Another thirty miles and I was home! Hot....and very fly splattered! 

150 miles in hot, dusty conditions! A visit to an incredible social and cultural landmark. Swooning chicas in every town!

And _that_ is what it takes to be Mucho Macho.....so read it and weep Steve Hall!


----------



## Chica (Mar 23, 2009)

Amazing pictures XTreme!!!!


----------



## Tanager (Mar 14, 2009)

Wow, beautiful place. Great pics!
And the blue sky without any clouds, mmmm. I love it


----------



## Pesky Wesky (May 10, 2009)

XTreme said:


> And today I was going to visit a very unusual landmark.....the likes of which you saddos have never seen before.

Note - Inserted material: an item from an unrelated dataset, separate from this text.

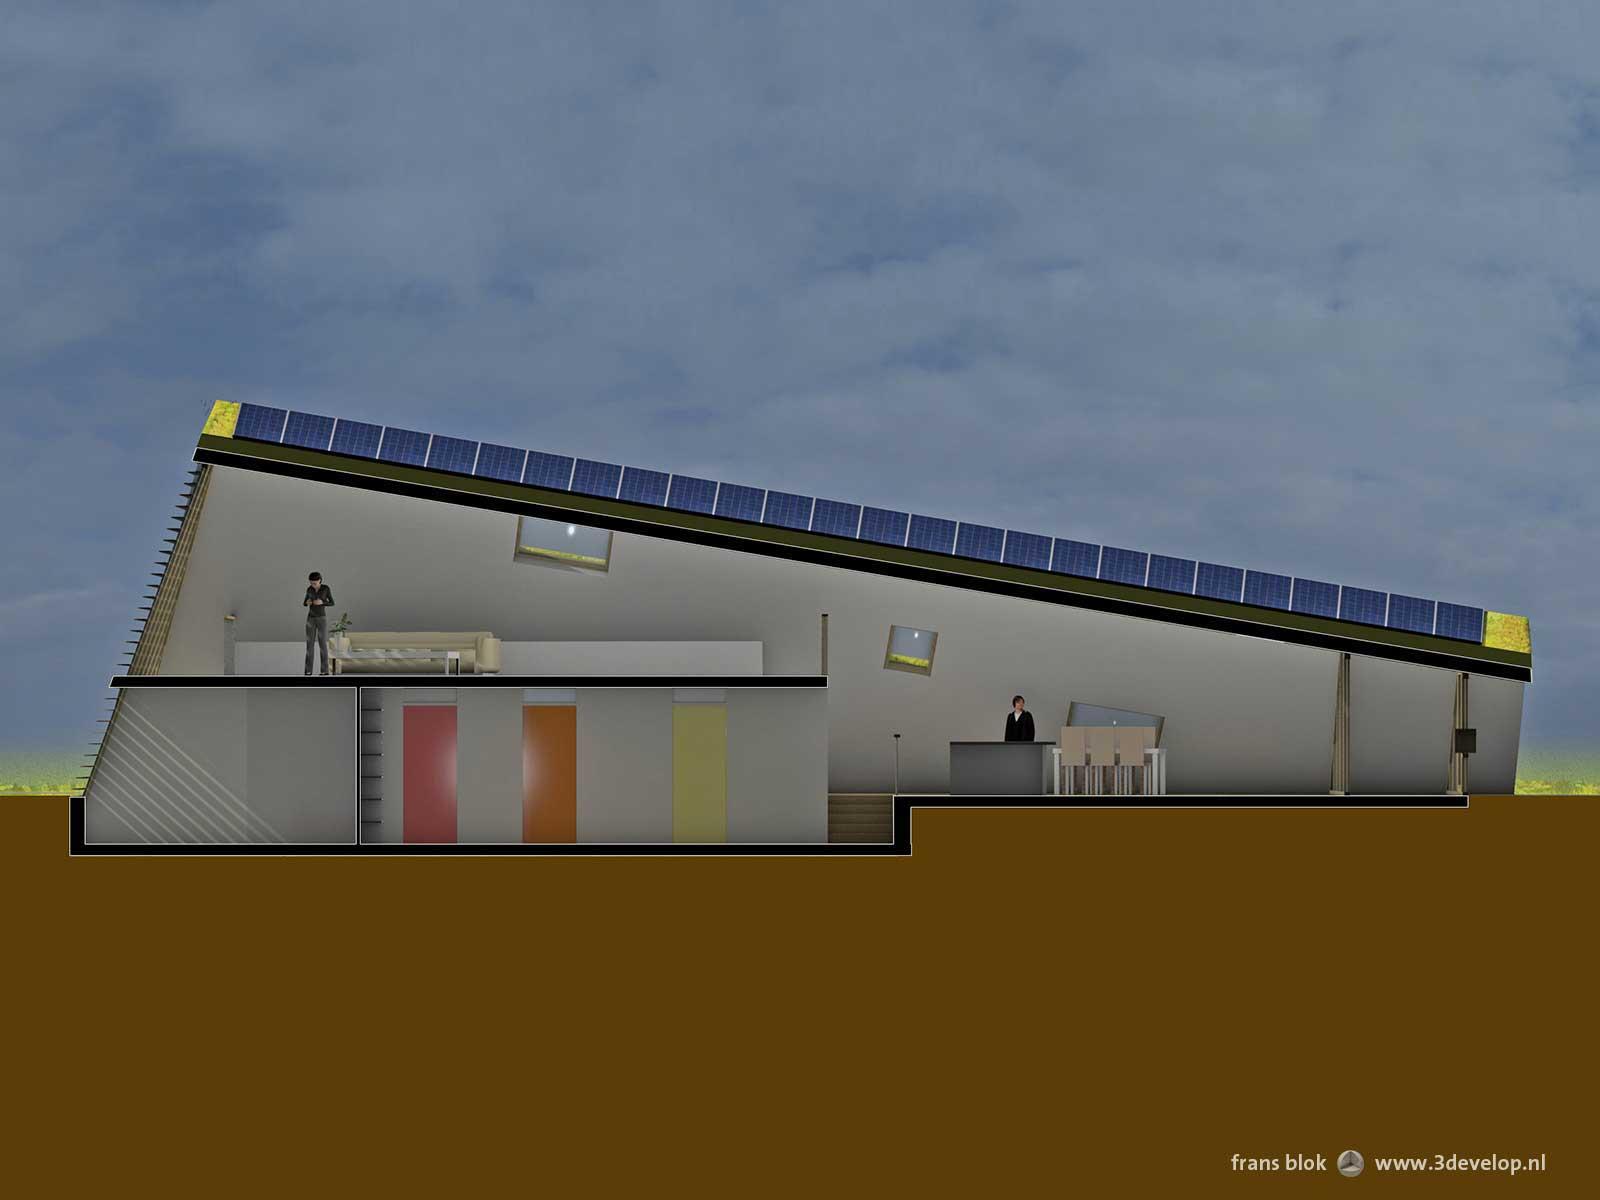 De Groene Piramide: radicaal duurzaam - 3Develop beeldblog
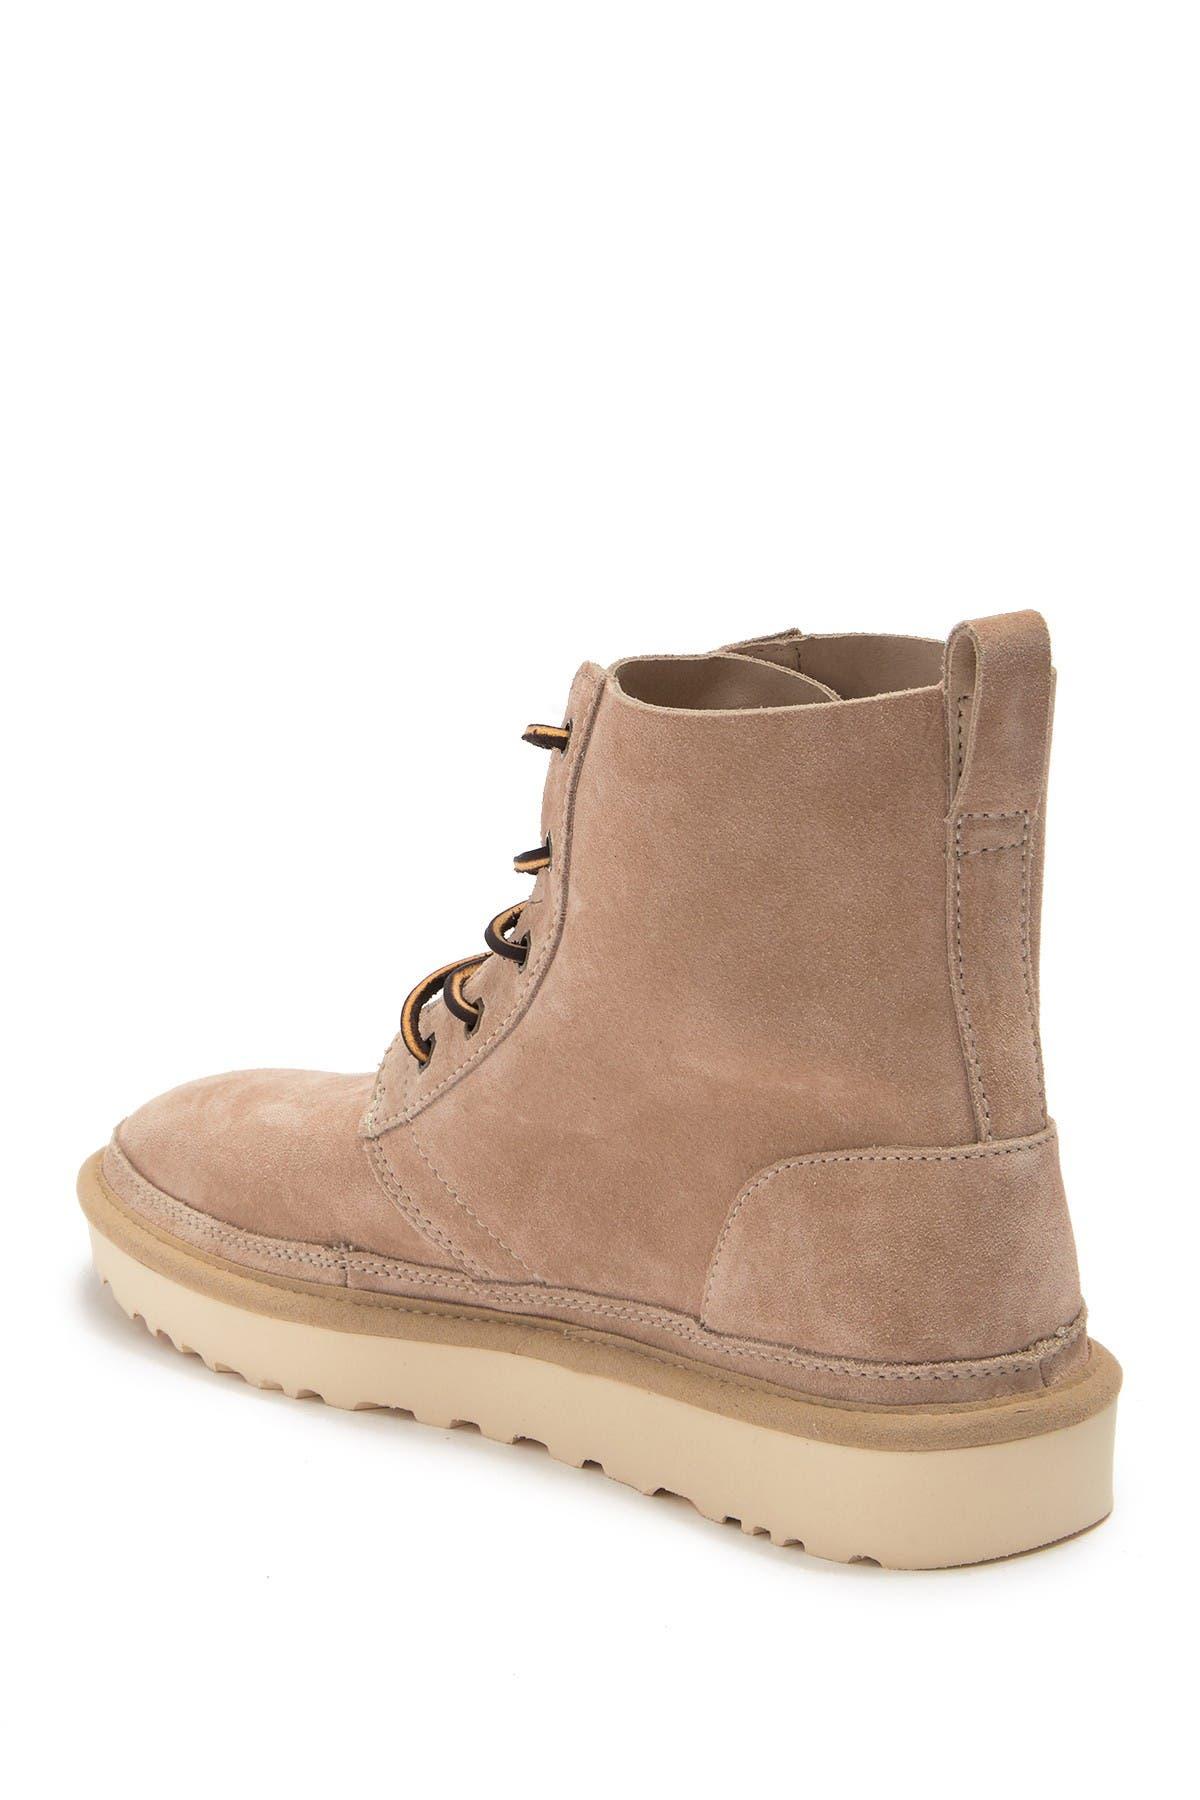 UGG | Harkley Pinnacle Leather Boot

A Church in a giant cave complex!


Wrong actually Xtreme,
I visited an underground cathedral in Colombia in 1983/4 - see link
http://img6.travelblog.org/Photos/47633/253810/t/2061608-Salt-cathedral-Zipaquira-0.jpg

Granted, "yours" is a little nearer


----------



## SunnySpain (Jul 30, 2008)

Oh yes and there's plenty of churches in caves up North, but thanks for the photos it looks nice and we are considering a trip to Huesca at some point after watching a programme on tv about it - looks nice


----------



## jojo (Sep 20, 2007)

SunnySpain said:


> Oh yes and there's plenty of churches in caves up North, but thanks for the photos it looks nice and we are considering a trip to Huesca at some point after watching a programme on tv about it - looks nice



I´m keen to go to Huescar?? apparently theres a great cave hotel worth staying at Dave!!

Joi xx


----------



## SunnySpain (Jul 30, 2008)

jojo said:


> I´m keen to go to Huescar?? apparently theres a great cave hotel worth staying at Dave!!
> 
> Joi xx


It looked beautiful on the telly. Very nice countryside; but then it is in the North.

Where's no pasa nada; I bet she's got shares that hotel - lol


----------



## jojo (Sep 20, 2007)

SunnySpain said:


> It looked beautiful on the telly. Very nice countryside; but then it is in the North.
> 
> Where's no pasa nada; I bet she's got shares that hotel - lol


I think Xtreme has the shares, he sent me a link and it looks lovely, so one of these days, the kids and I are gonna do it!!!! Pasanada is in Afghanistan I believe, altho coming to Spain shortly, hopefully she´ll grace us with her presence!!??

Jo xxx


----------



## SunnySpain (Jul 30, 2008)

jojo said:


> I think Xtreme has the shares, he sent me a link and it looks lovely, so one of these days, the kids and I are gonna do it!!!! Pasanada is in Afghanistan I believe, altho coming to Spain shortly, hopefully she´ll grace us with her presence!!??
> 
> Jo xxx


Yeah, I wanna know more (honest) about those precious cave houses in Murcia


----------



## Tallulah (Feb 16, 2009)

There was a programme on once about Huesca - there's a famous little Chinese man there who dresses up in whatever the local costume is there and sings in Spanish - has completely adopted his life there. Now that's what I call integration!! Another landmark there then, apart from XT's donkeys and tortoises....

Which reminds me, XT. How rude of me, I forgot to ask - how's your bum?

Tally.xx


----------



## XTreme (May 17, 2008)

Huesca.....and Huescar (where I live)....are two different places!


----------



## Tallulah (Feb 16, 2009)

Maybe I spelt it wrong then! I dunno - was quite taken with the Chinese singer. Isn't he there where you are then??


----------



## mickybob (Dec 31, 2008)

Chica said:


> Amazing pictures XTreme!!!!


Xt, what camera did you use? The pics inside are great, cos I take it you can't use flash inside.


----------



## SteveHall (Oct 17, 2008)

Huesca or Huéscar - two towns miles 750 kms apart!! 

No Pasa Nada arrives (love-struck) in Spain today. 

Hope she pops in here to wreak chaos. 

I've stayed in a cave-house. Interesting experience but I would not live in one. 

Enjoy!


----------



## SteveHall (Oct 17, 2008)

Superb photos XTreme. Thanks so much for sharing


----------



## owdoggy (Jul 23, 2008)

SteveHall said:


> Superb photos XTreme. Thanks so much for sharing


Seconded:clap2:

Aye, real bonny pics & an interesting subject yet again......... not bad for a Taff


Doggy


----------



## XTreme (May 17, 2008)

mickybob said:


> Xt, what camera did you use? The pics inside are great, cos I take it you can't use flash inside.


Basic Canon Powershot....nothing special. And I did use Flash.


----------